= Musa Demi =

Albanian writer and activist involved in the Albanian National Awakening

Musa Demi

Musa Demi (1878–1971) was an Albanian revolutionary and writer. He was one of the main proponents of the Albanian National Awakening in the region of Filiates, Paramythia and Igoumenitsa (Çamëria).

== Life ==
Musa Demi was born in Filiates, then a town of the Ottoman Empire in 1878. His father Hamit Demi was a local landowner of the region from the Demi family of Filiates. Musa Demi's grandfather had been Çafa Demi. He graduated from the local Ottoman rüşdiye (secular state school) and then continued his studies in Ioannina.

In the early 1900s he became one of the founders of the Vëllezëria association of Filiates and was the commander of one of the most important çetë (armed guerrilla groups fighting for independence of Albanians). On August 25, 1908 along with other rilindas he opened the first Albanian-language school of Filiates. Musa Demi, Rasih Dino along with other locals provided the funds for the construction of the school building.

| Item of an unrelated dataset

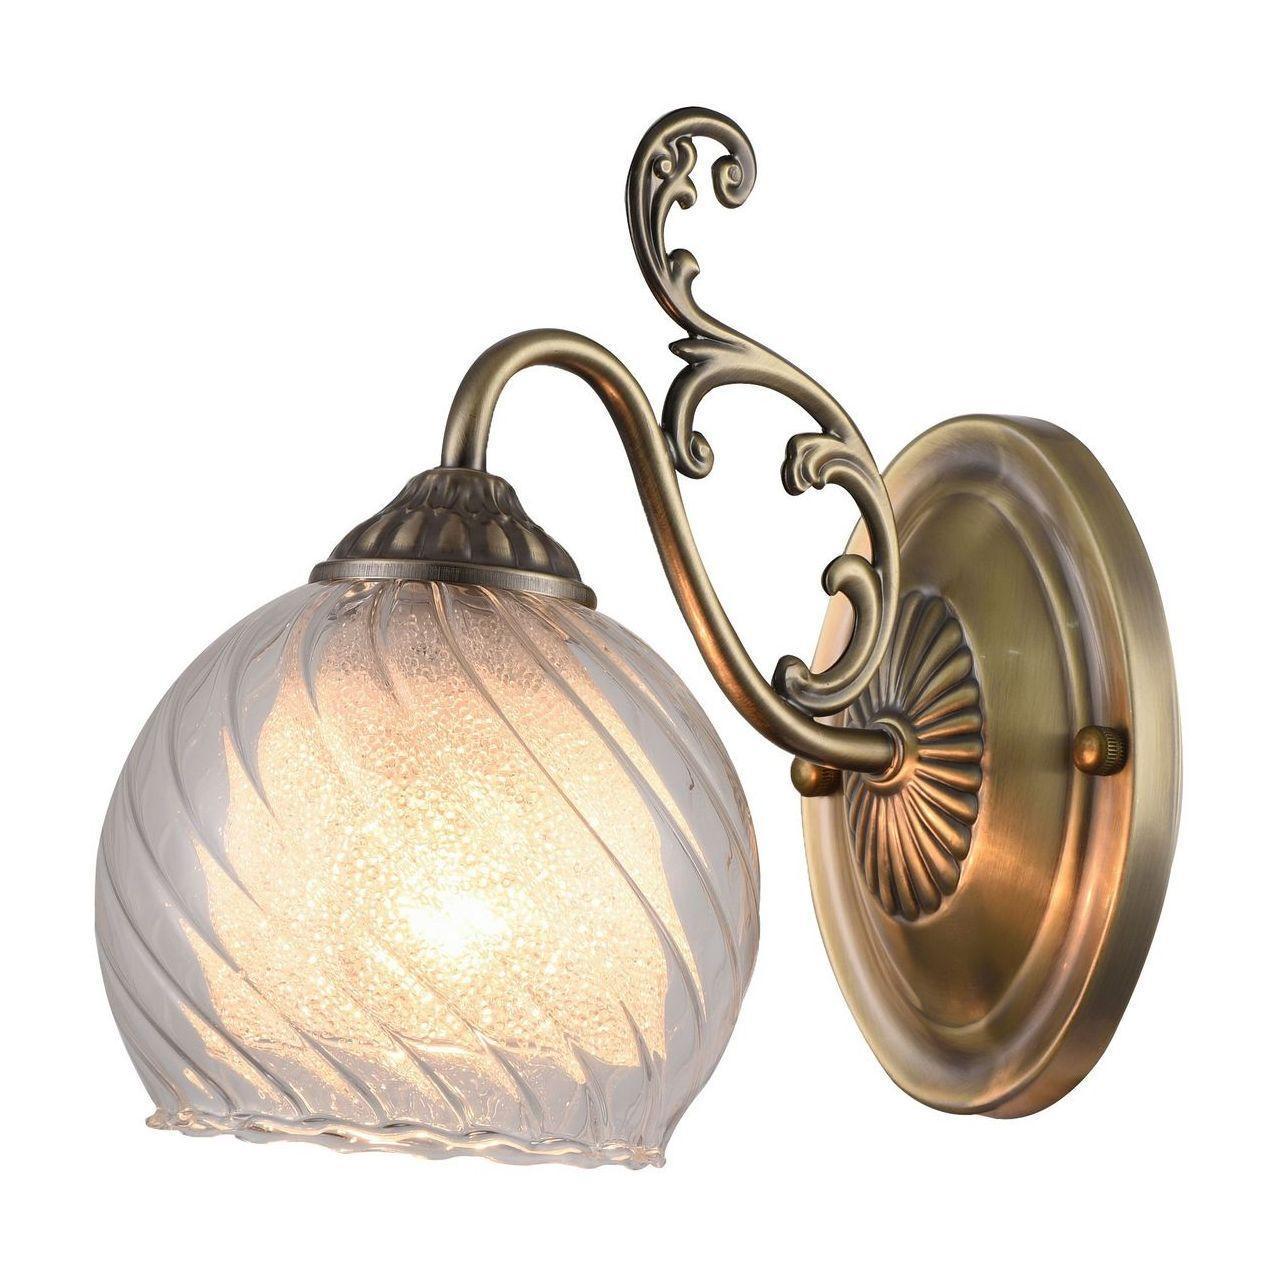 Бра Arte Lamp A7062AP-1AB бра arte lamp 7062 a7062ap 1wg

During World War II, he is said to have had contact with the Albanian as well as the Greek Communist Party. However, it is contested that there was a 'socialist' movement around Musa Demi during this period His daughter Ballkëze Demi fought and died during the Albanian Resistance of World War II.

He was decorated in 1945 with the Patriot of National Awakening (Patriot i Rilindjes Kombëtare) medal. Musa Demi died in 1971. In 1978, for the 100th anniversary of the formation of the League of Prizren, he was posthumously decorated with the civil medal For Patriotic Activities (Për Veprimtari Patriotike).